* _GIVEN MATERIAL_:
- - -

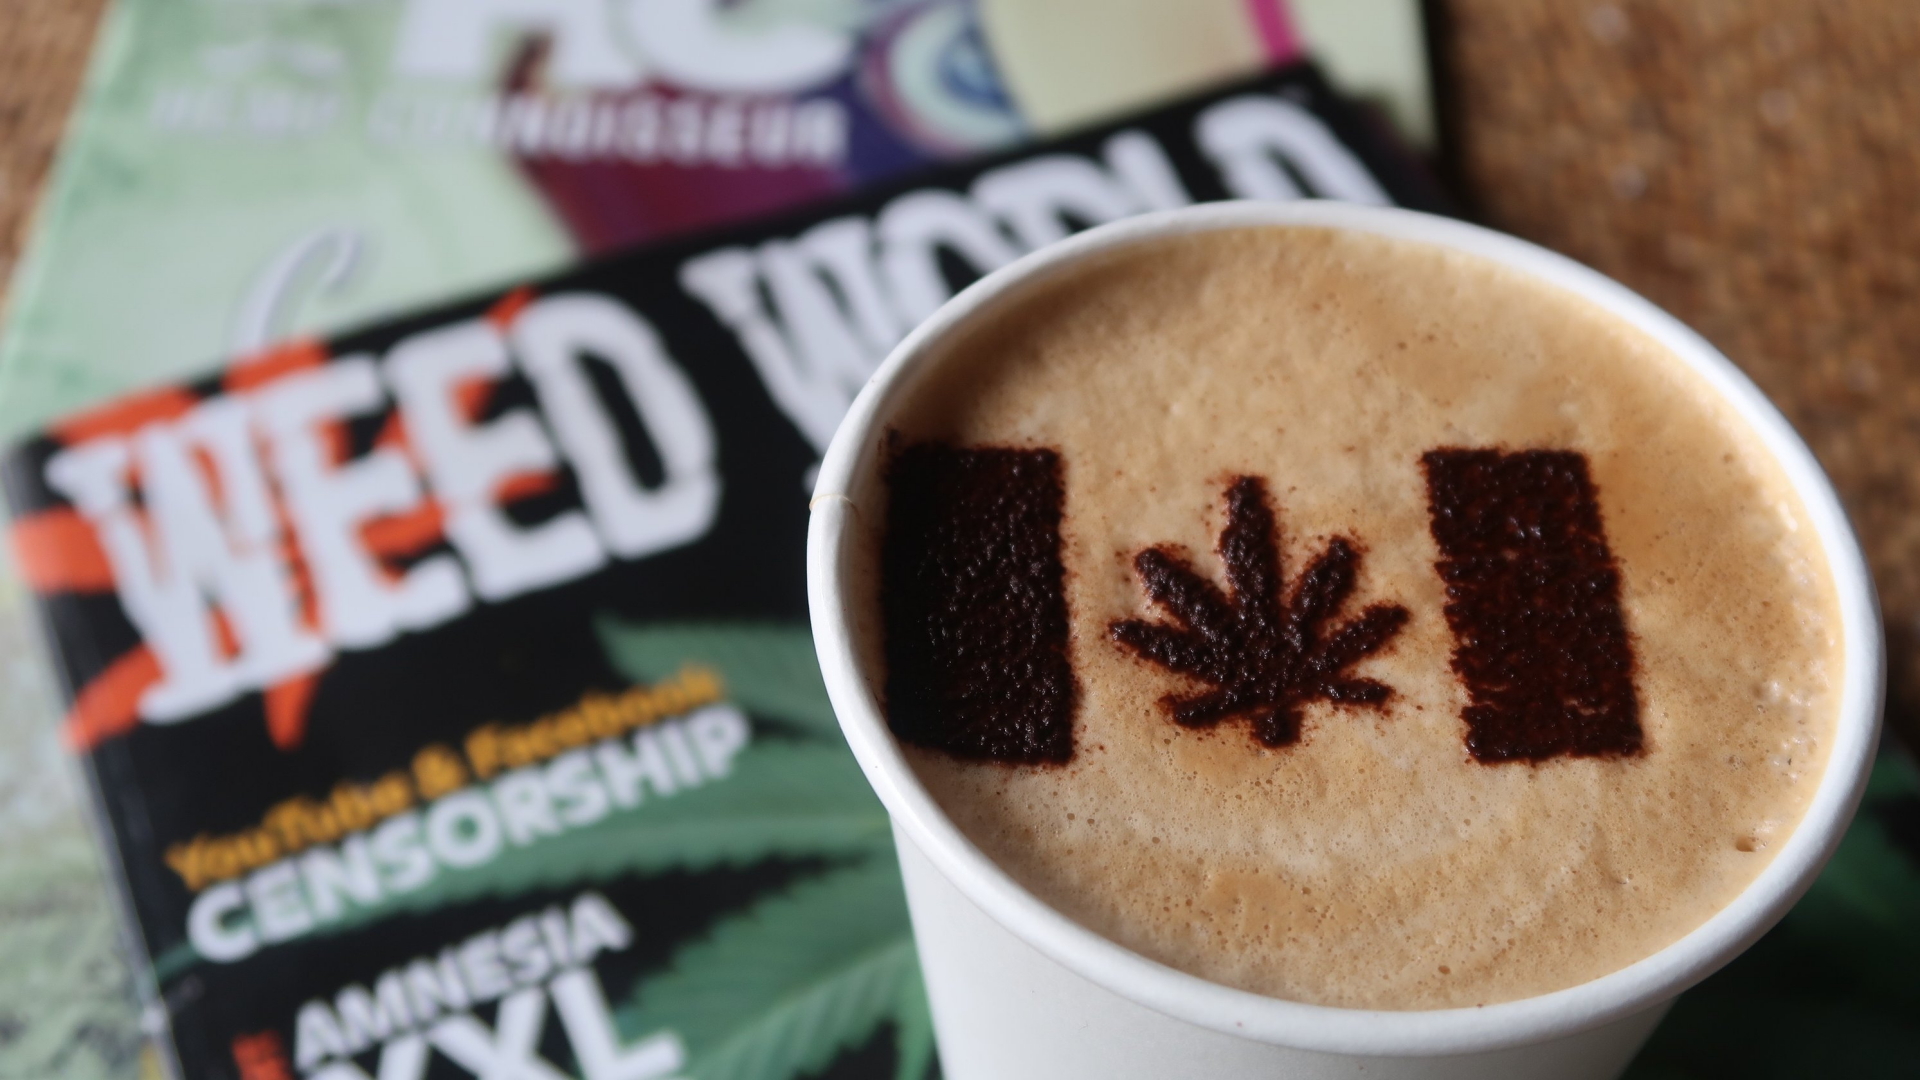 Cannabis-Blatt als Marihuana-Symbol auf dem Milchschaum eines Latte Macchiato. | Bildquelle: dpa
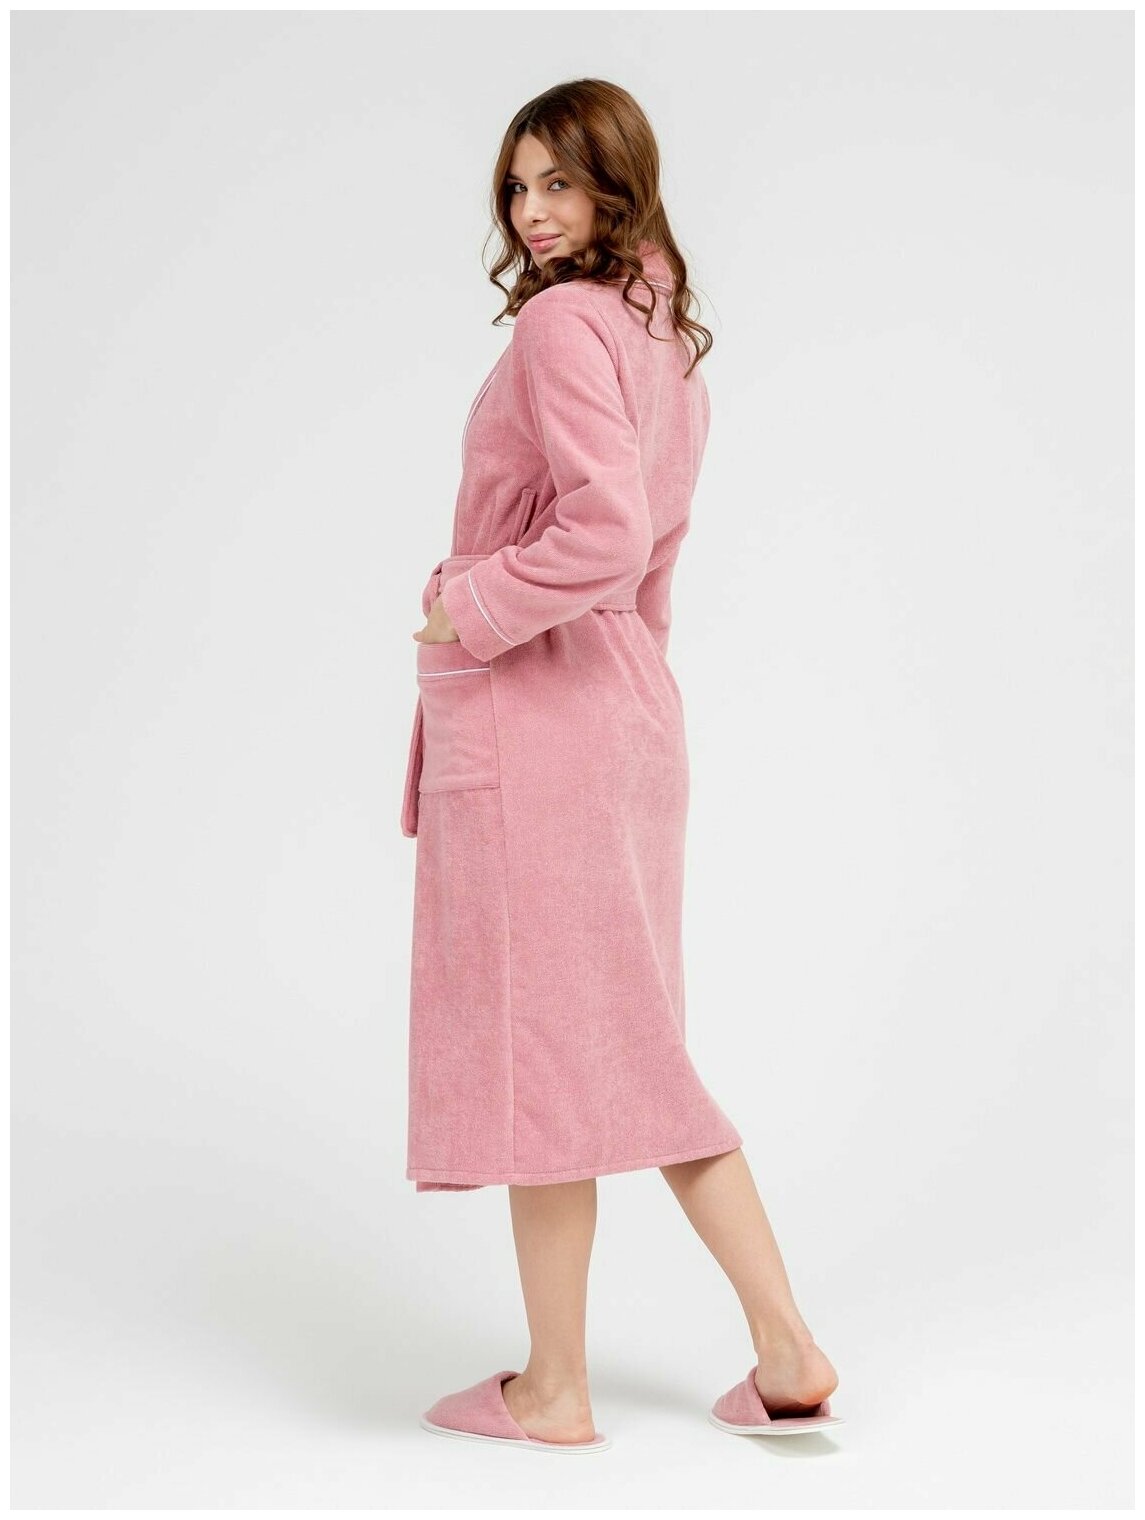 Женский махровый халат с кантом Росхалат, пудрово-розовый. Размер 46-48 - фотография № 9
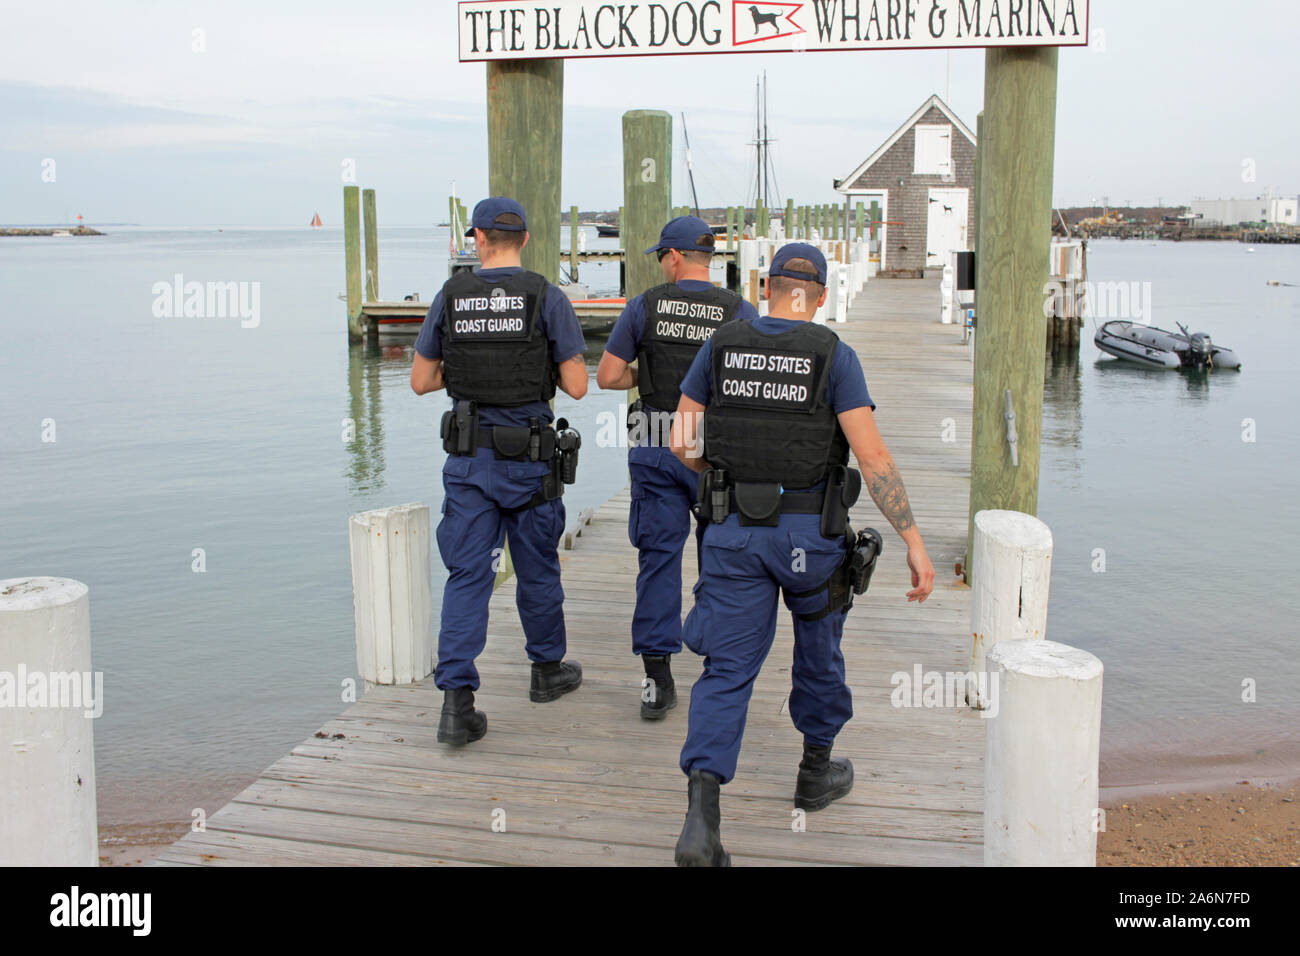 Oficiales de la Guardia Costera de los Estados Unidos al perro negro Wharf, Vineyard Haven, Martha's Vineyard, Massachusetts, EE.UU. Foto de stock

- - -

* _WHAT TO PRODUCE_: Return the listing above unchanged, apart from dropping its pictures.

* _ANSWER TO THIS EXERCISE_:
 Cannabis-Blatt als Marihuana-Symbol auf dem Milchschaum eines Latte Macchiato. | Bildquelle: dpa
 Женский махровый халат с кантом Росхалат, пудрово-розовый. Размер 46-48 - фотография № 9
 Oficiales de la Guardia Costera de los Estados Unidos al perro negro Wharf, Vineyard Haven, Martha's Vineyard, Massachusetts, EE.UU. Foto de stock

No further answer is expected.